■ **WORK TO BE COMPLETED**:
Each line below must be transcribed exactly, and no picture may appear in the transcription.

■ **PROVIDED MATERIAL**:
----
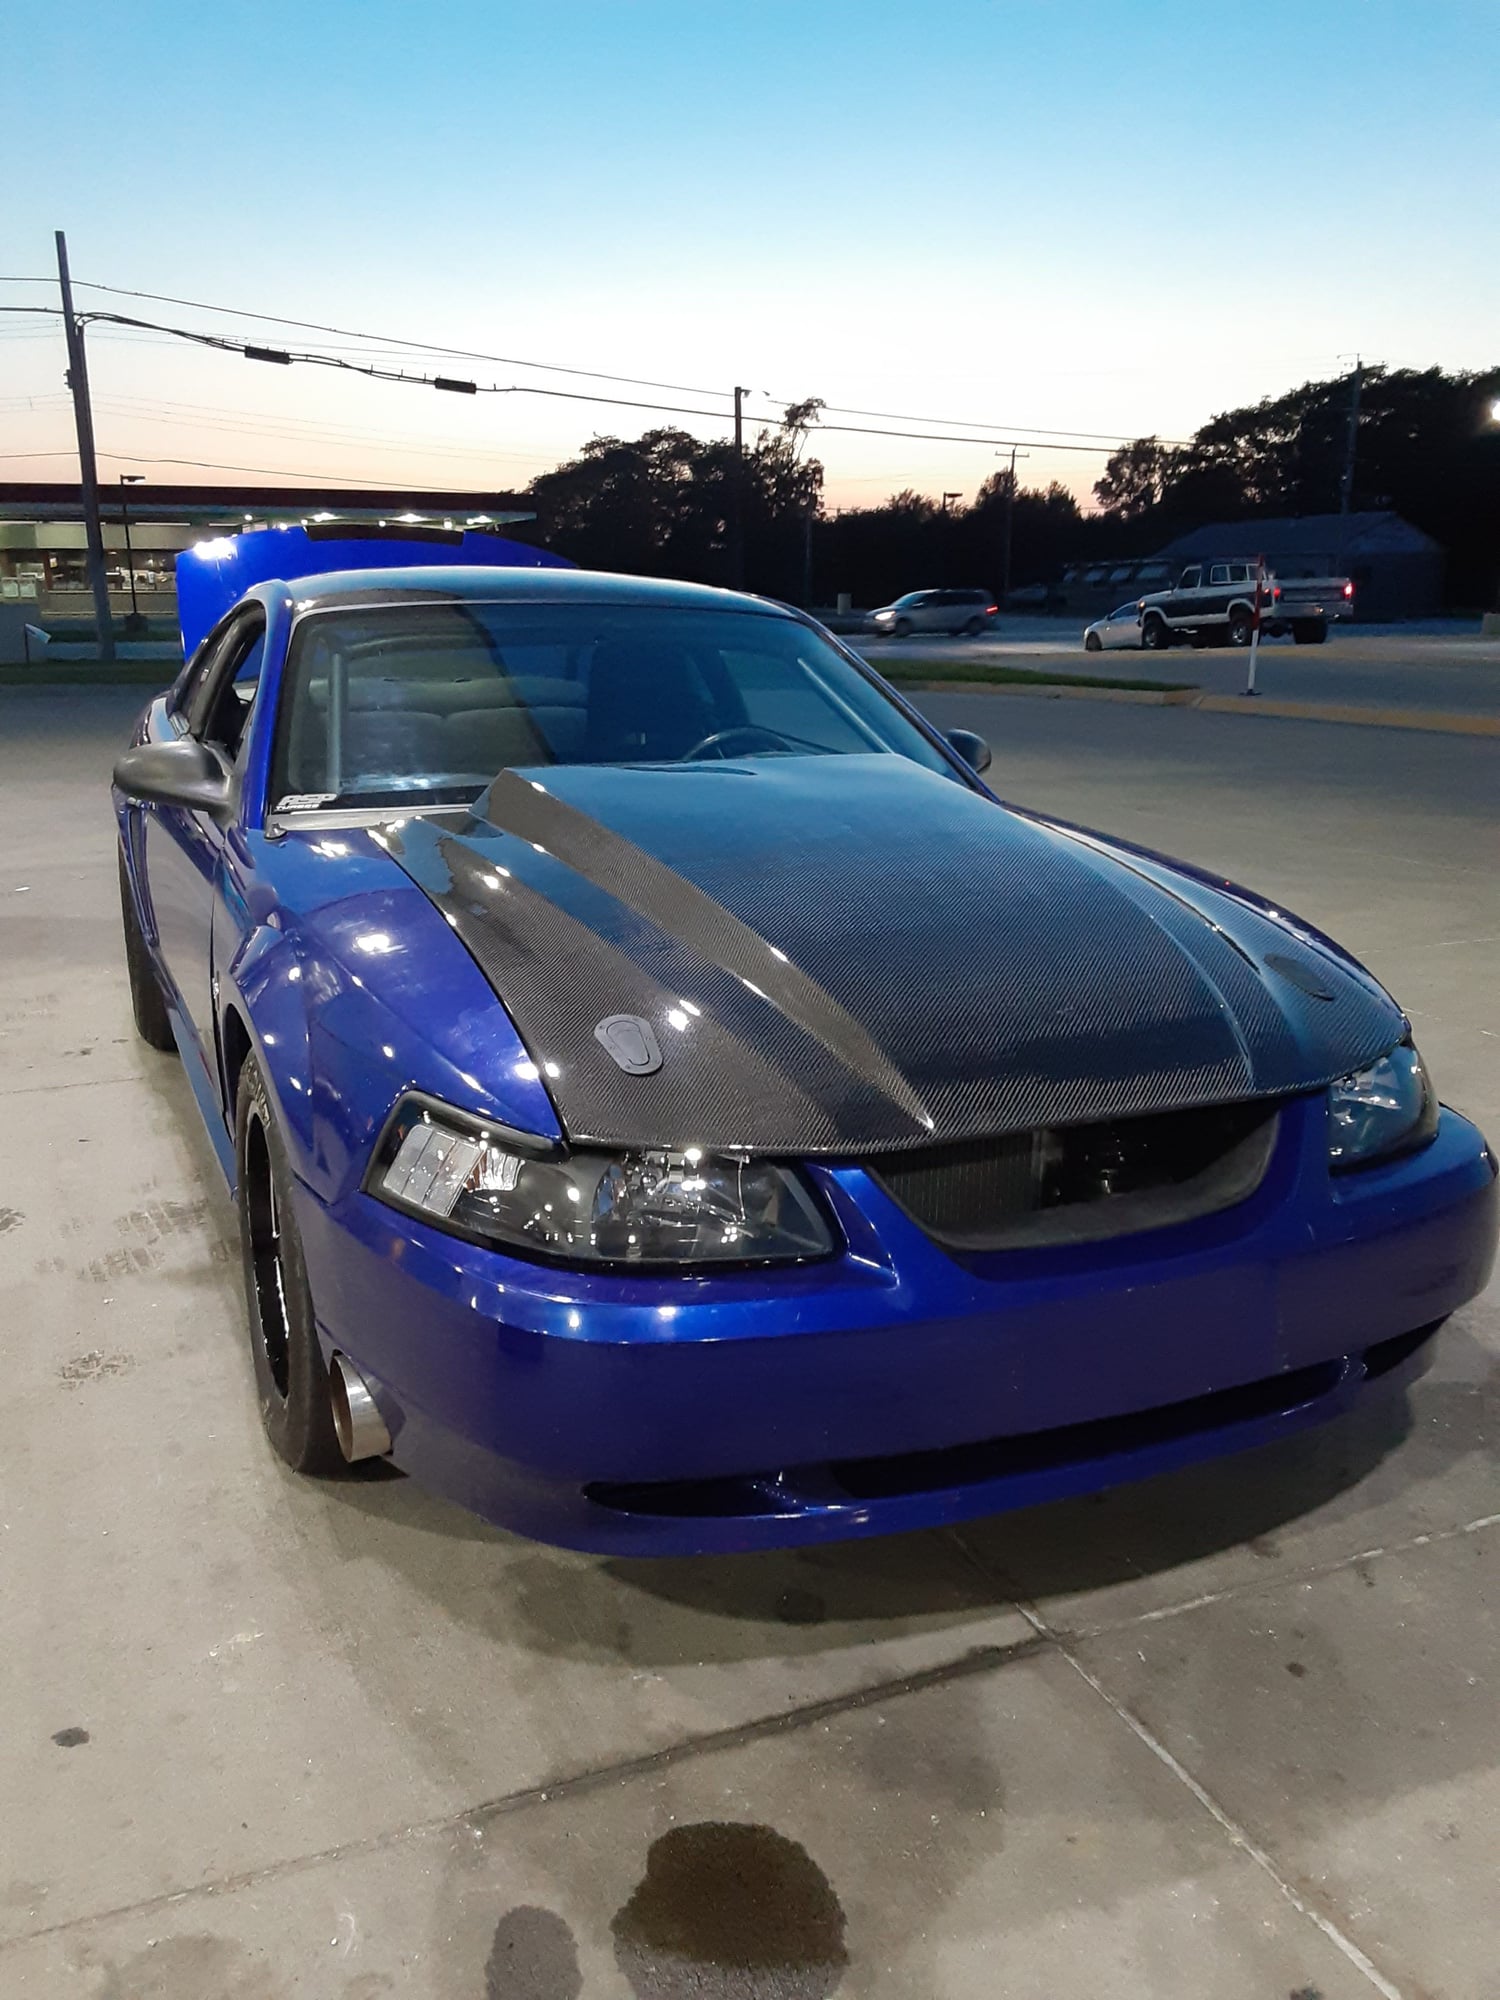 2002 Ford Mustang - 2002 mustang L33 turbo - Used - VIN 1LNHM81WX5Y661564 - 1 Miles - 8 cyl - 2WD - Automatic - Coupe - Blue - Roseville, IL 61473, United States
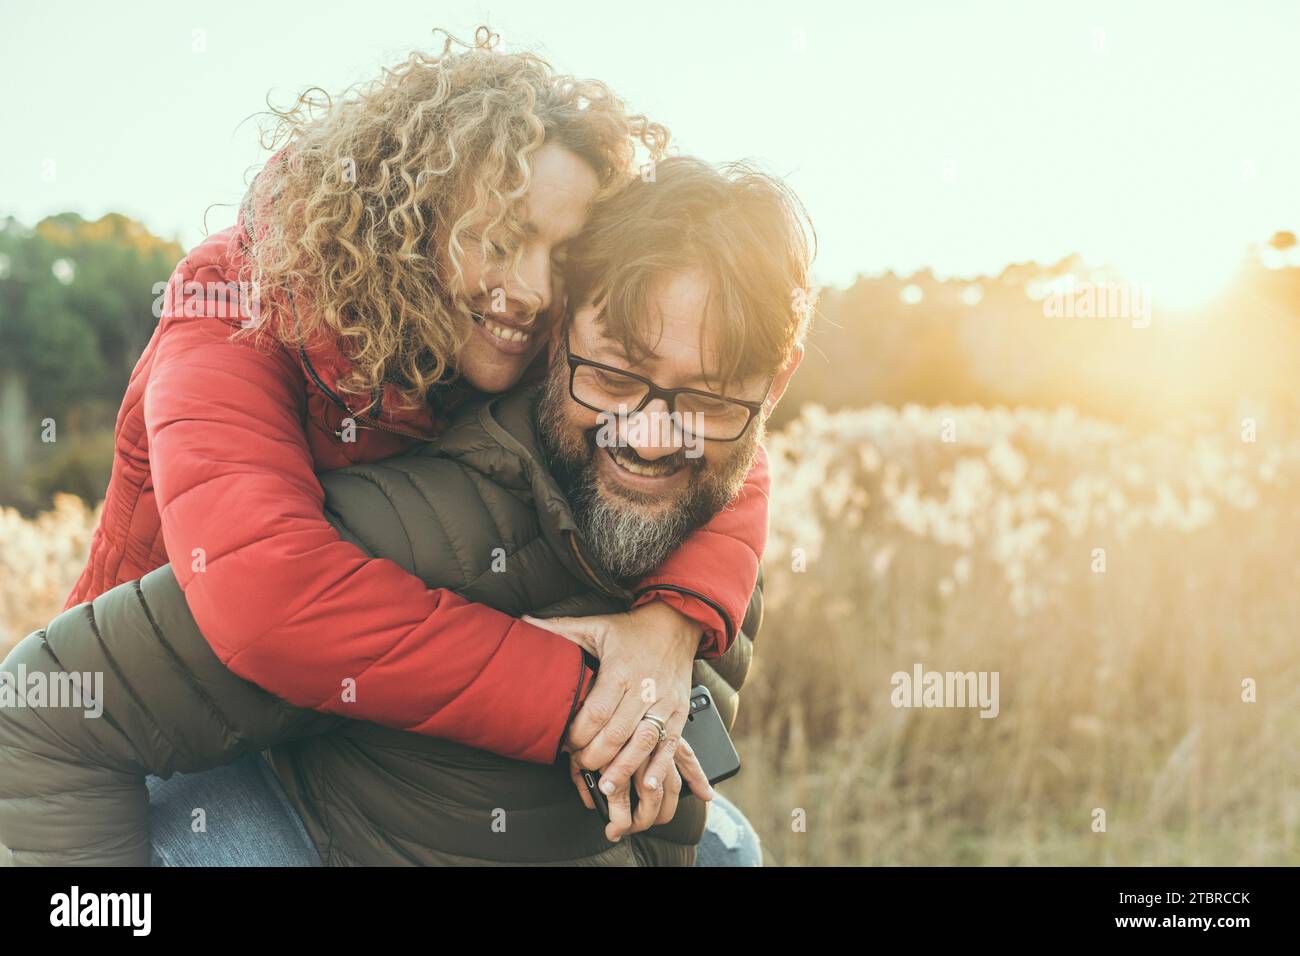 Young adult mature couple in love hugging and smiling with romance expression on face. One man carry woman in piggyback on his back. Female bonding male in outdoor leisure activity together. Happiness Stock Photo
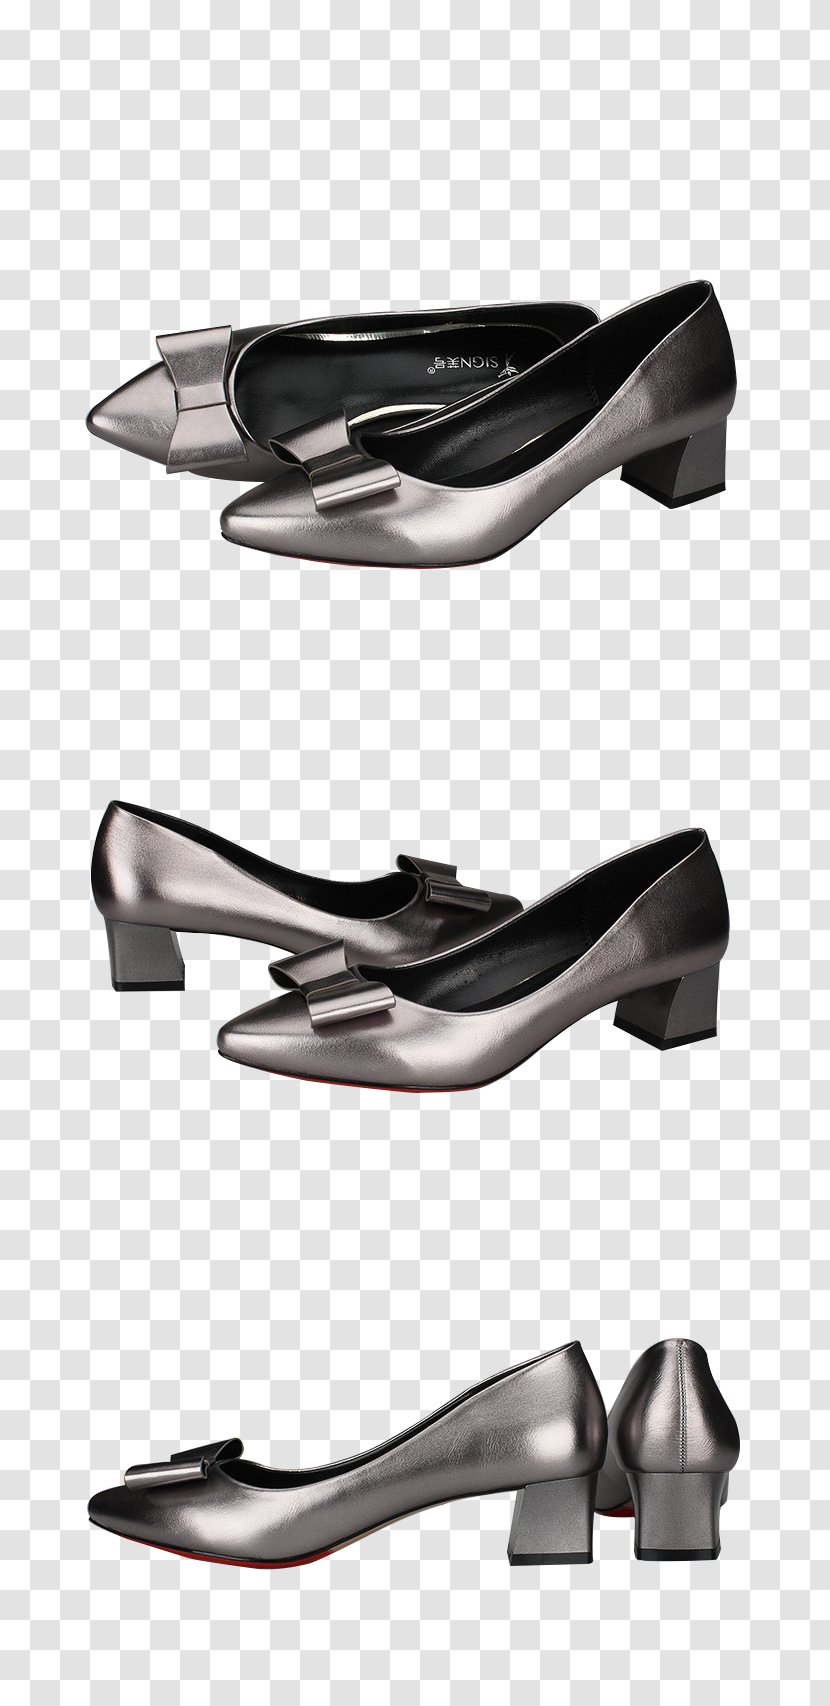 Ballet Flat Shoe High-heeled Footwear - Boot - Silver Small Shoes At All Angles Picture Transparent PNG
----
■ **REPLY**:
 2002 Ford Mustang - 2002 mustang L33 turbo - Used - VIN 1LNHM81WX5Y661564 - 1 Miles - 8 cyl - 2WD - Automatic - Coupe - Blue - Roseville, IL 61473, United States
 Young adult mature couple in love hugging and smiling with romance expression on face. One man carry woman in piggyback on his back. Female bonding male in outdoor leisure activity together. Happiness Stock Photo
 Ballet Flat Shoe High-heeled Footwear - Boot - Silver Small Shoes At All Angles Picture Transparent PNG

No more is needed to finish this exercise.